▶ _REQUIRED ACTION_:
Retype the following data exactly, but leave its pictures out.

▶ _DATASET SECTION_:
+--

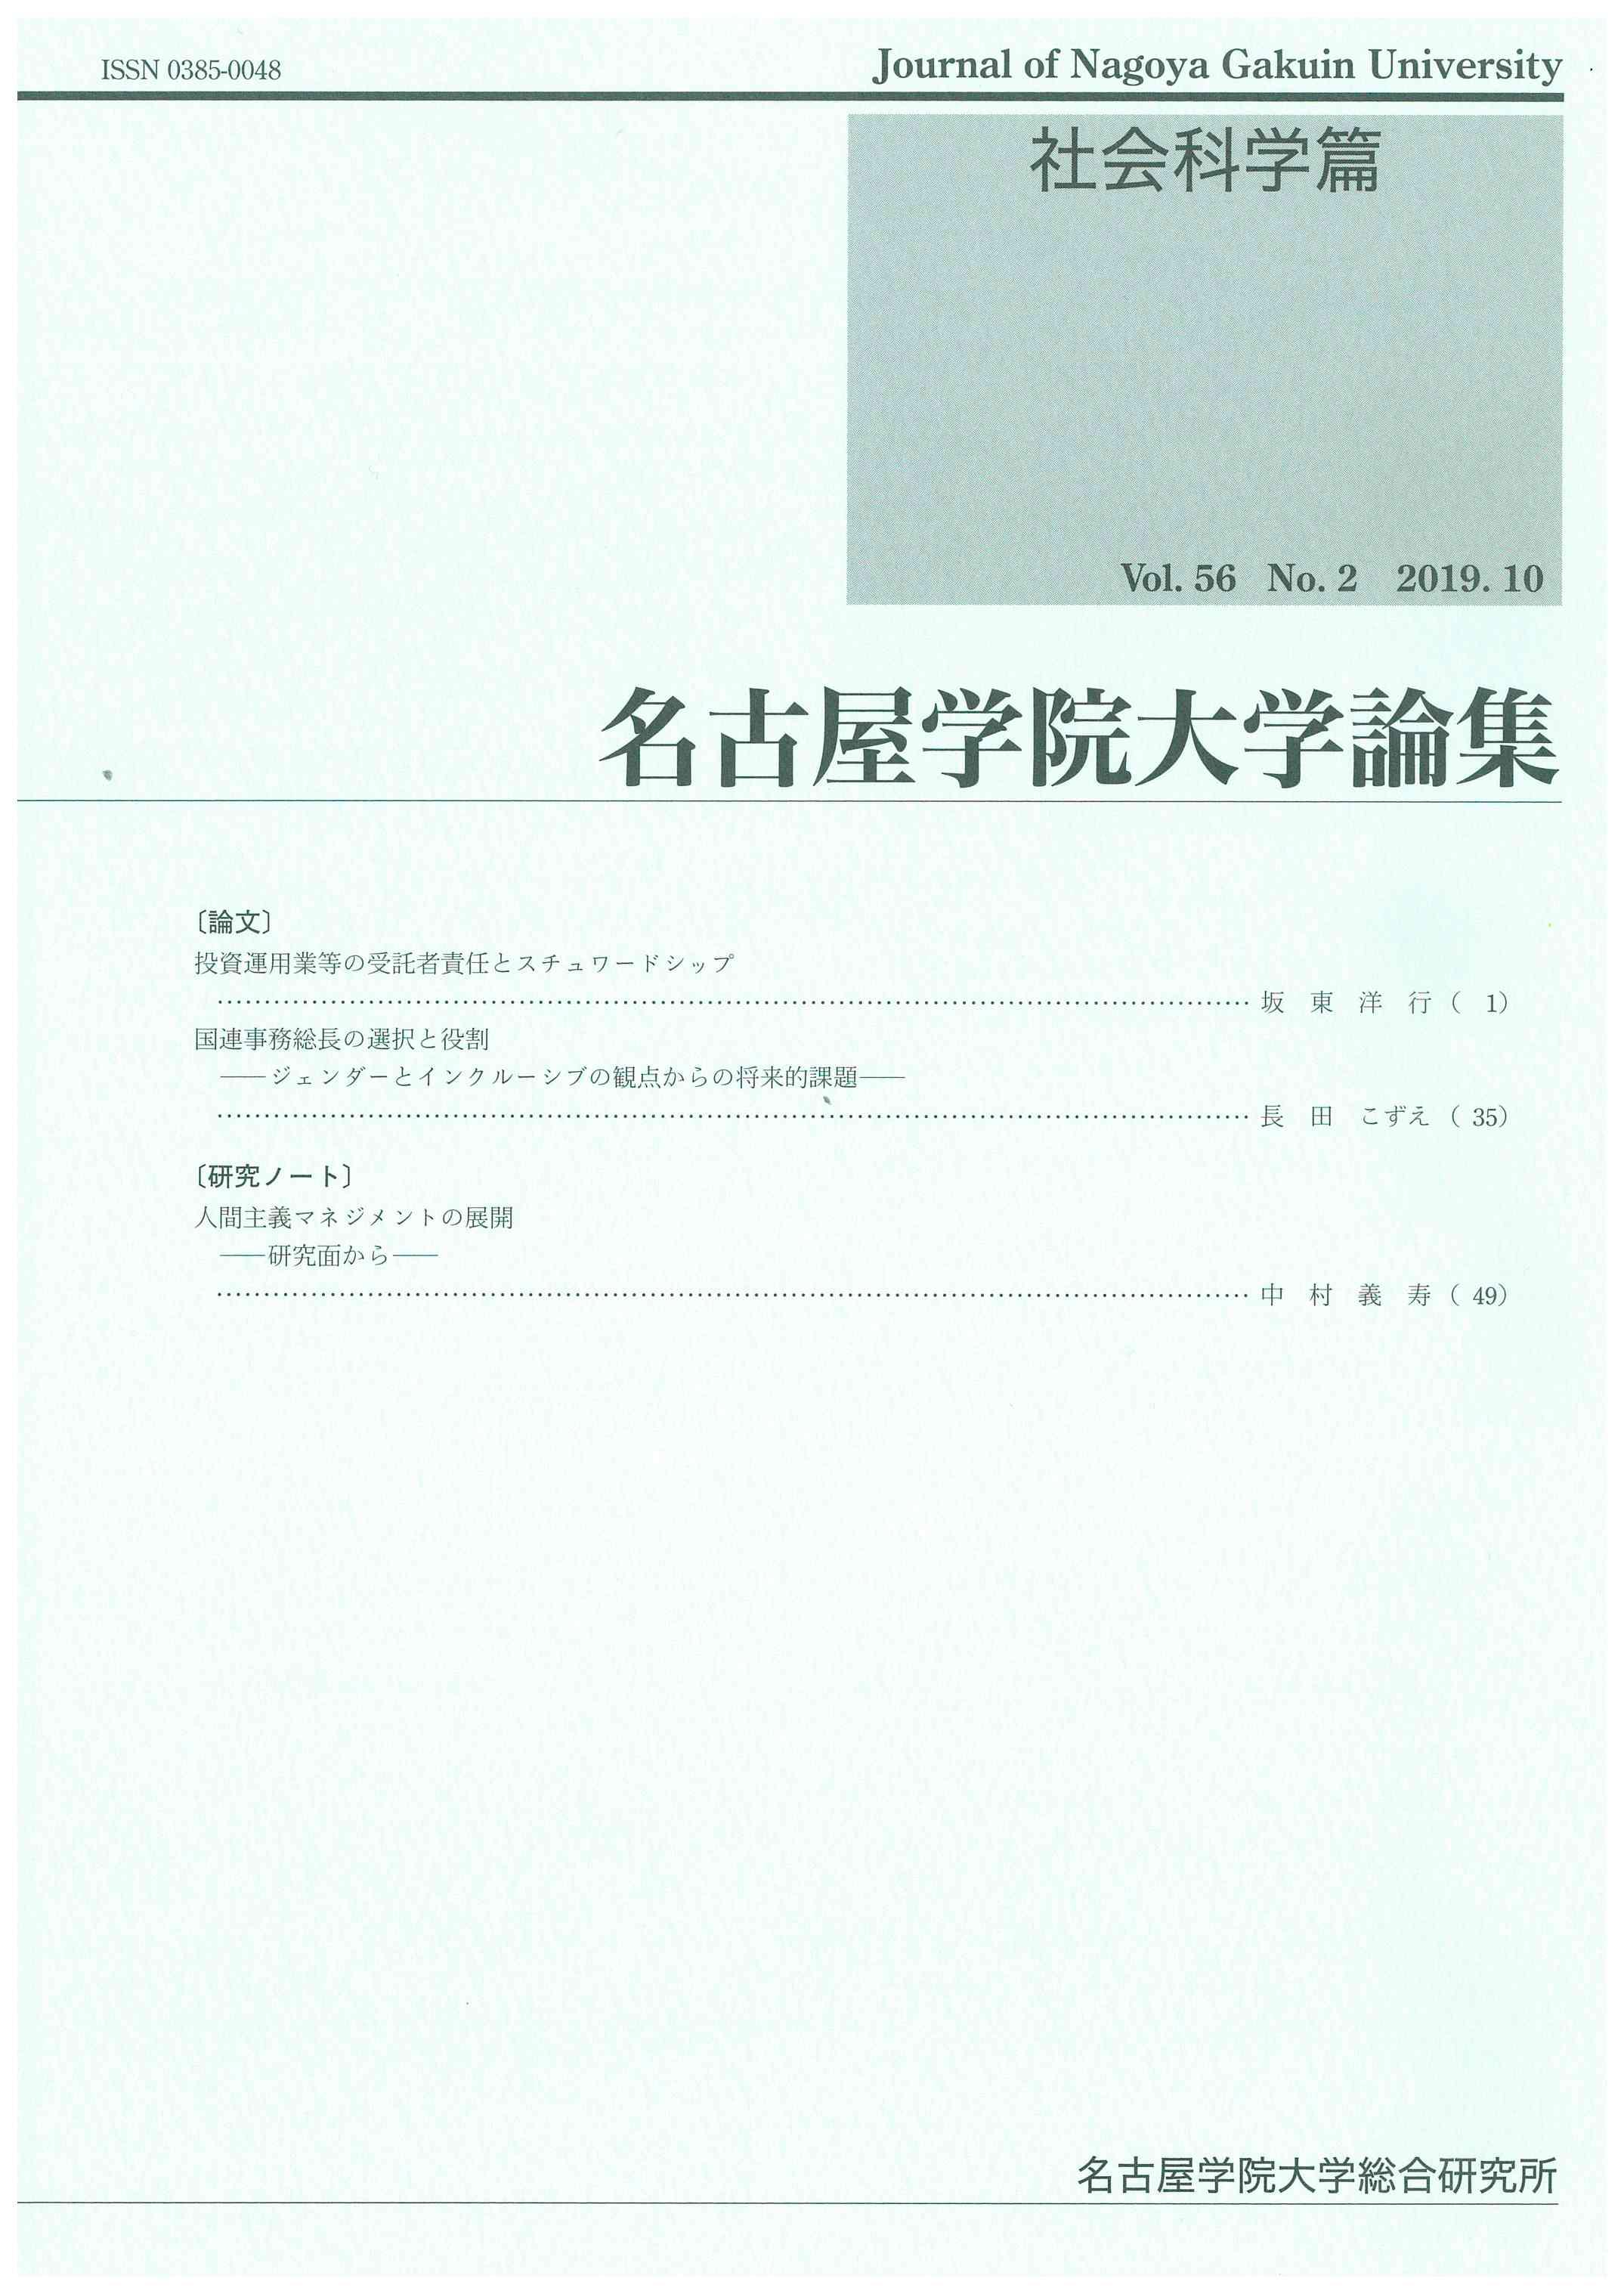 shakai56-2.jpg
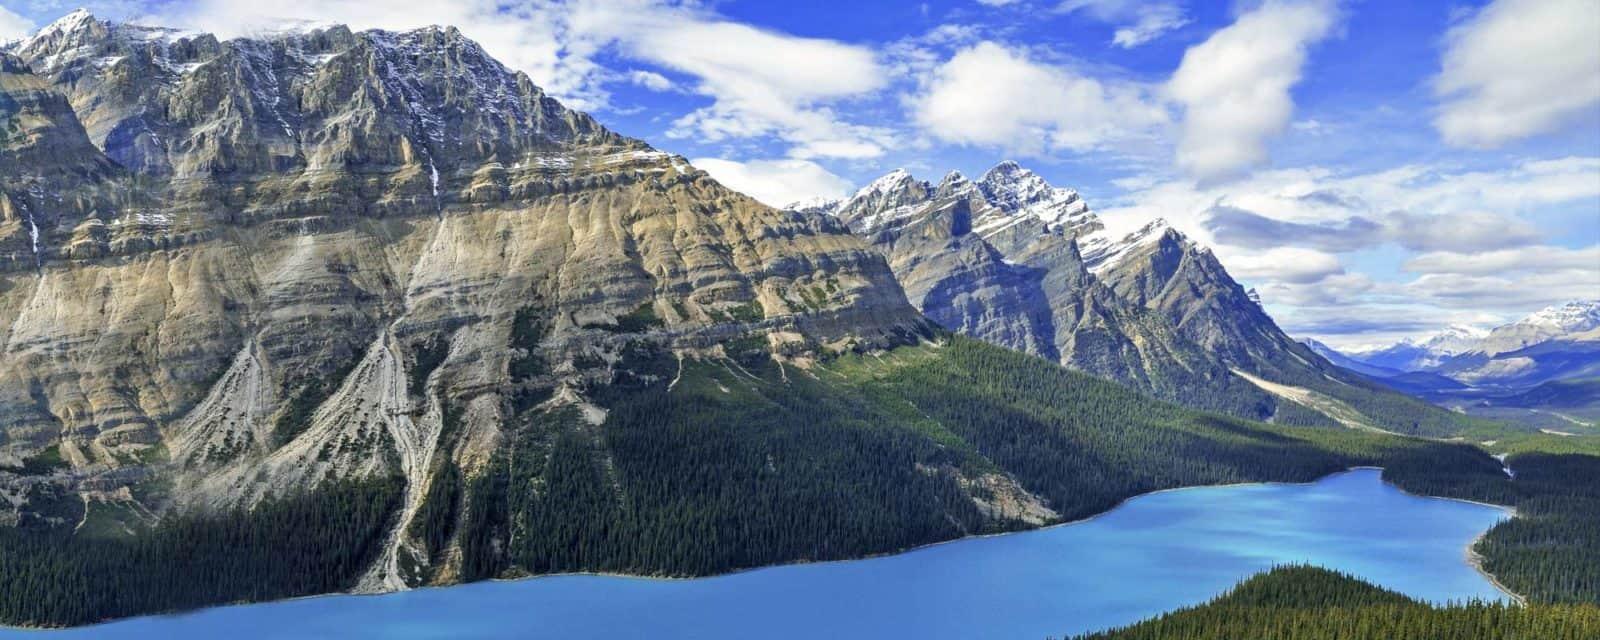 Kanada Rundreise - Peyto Lake im Banff Nationalpark
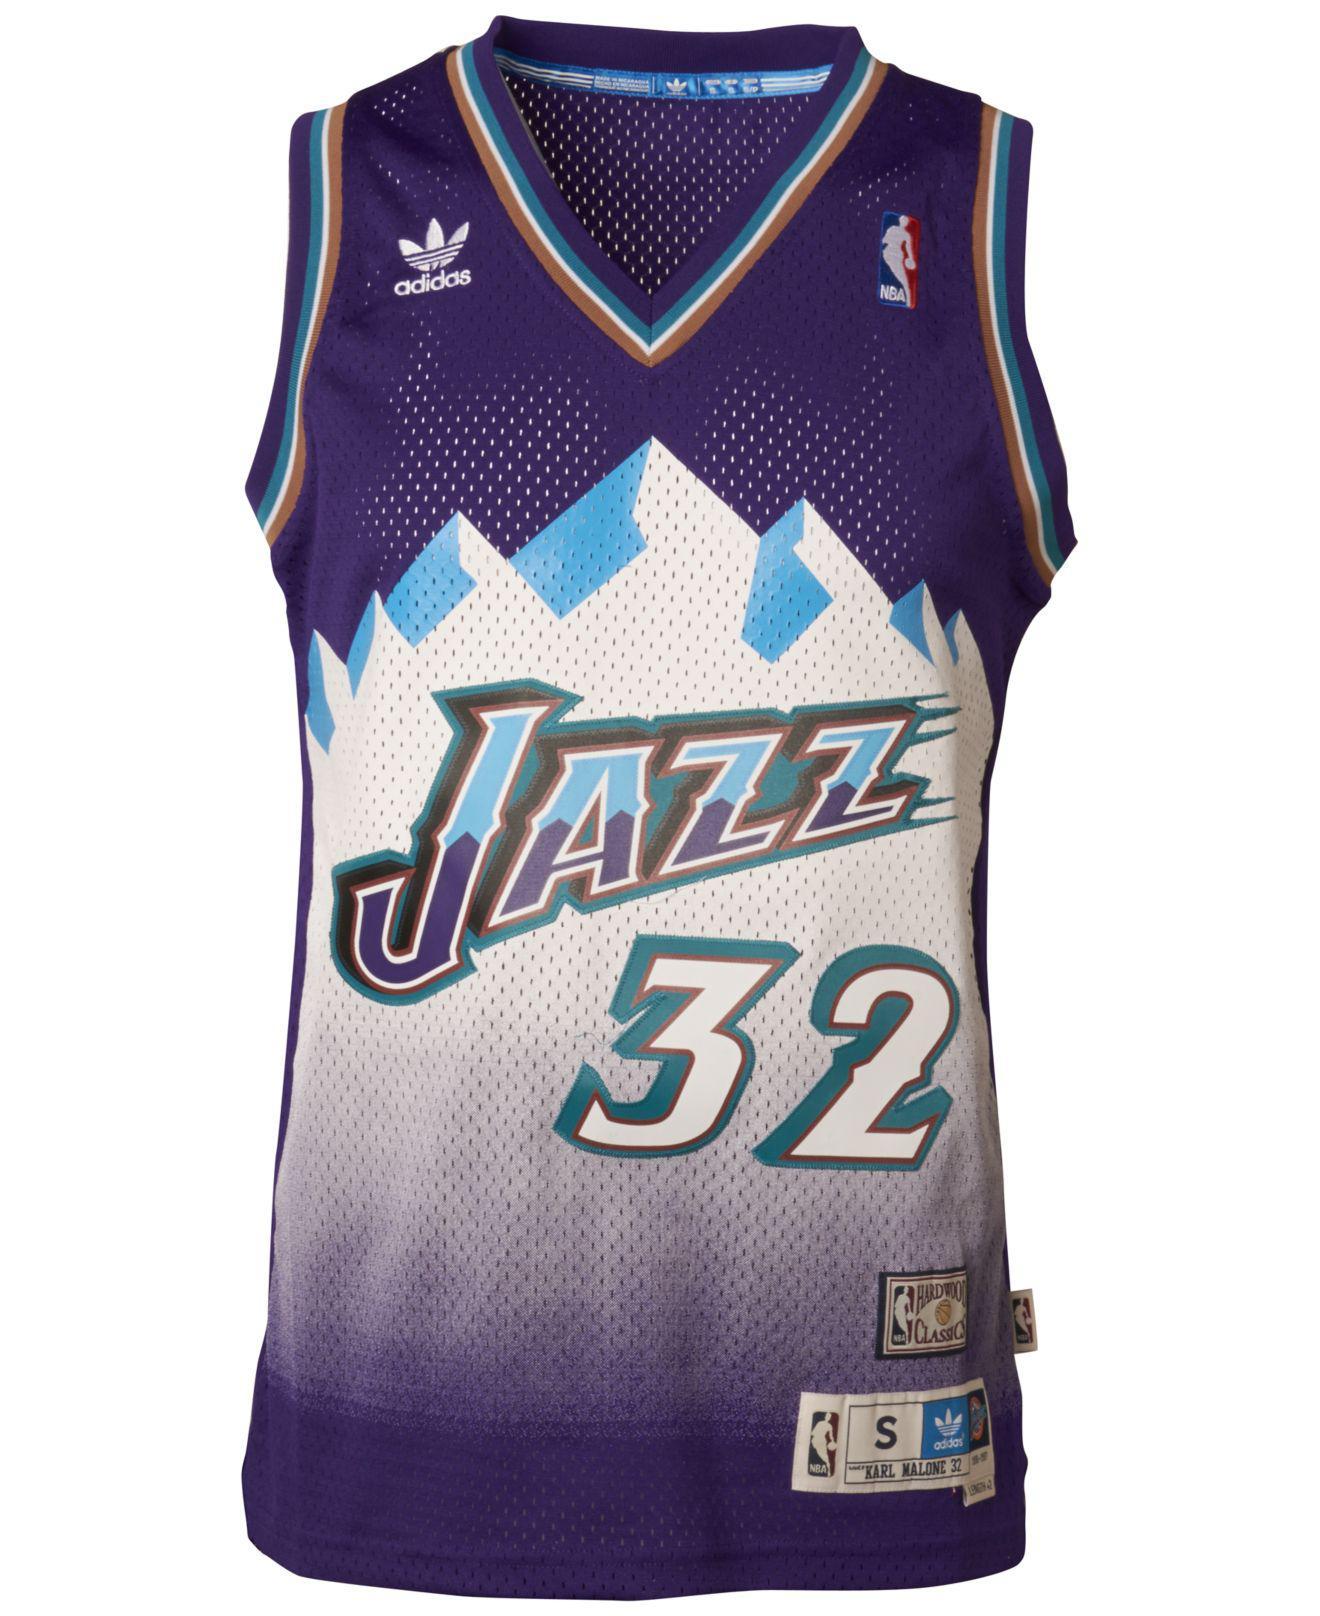 9273f5bdc8f Adidas - Purple Men s Karl Malone Utah Jazz Swingman Jersey for Men - Lyst.  View fullscreen

+--

▶ _ANSWER TO THE PROBLEM_:
 shakai56-2.jpg
 Kanada Rundreise - Peyto Lake im Banff Nationalpark
 9273f5bdc8f Adidas - Purple Men s Karl Malone Utah Jazz Swingman Jersey for Men - Lyst.  View fullscreen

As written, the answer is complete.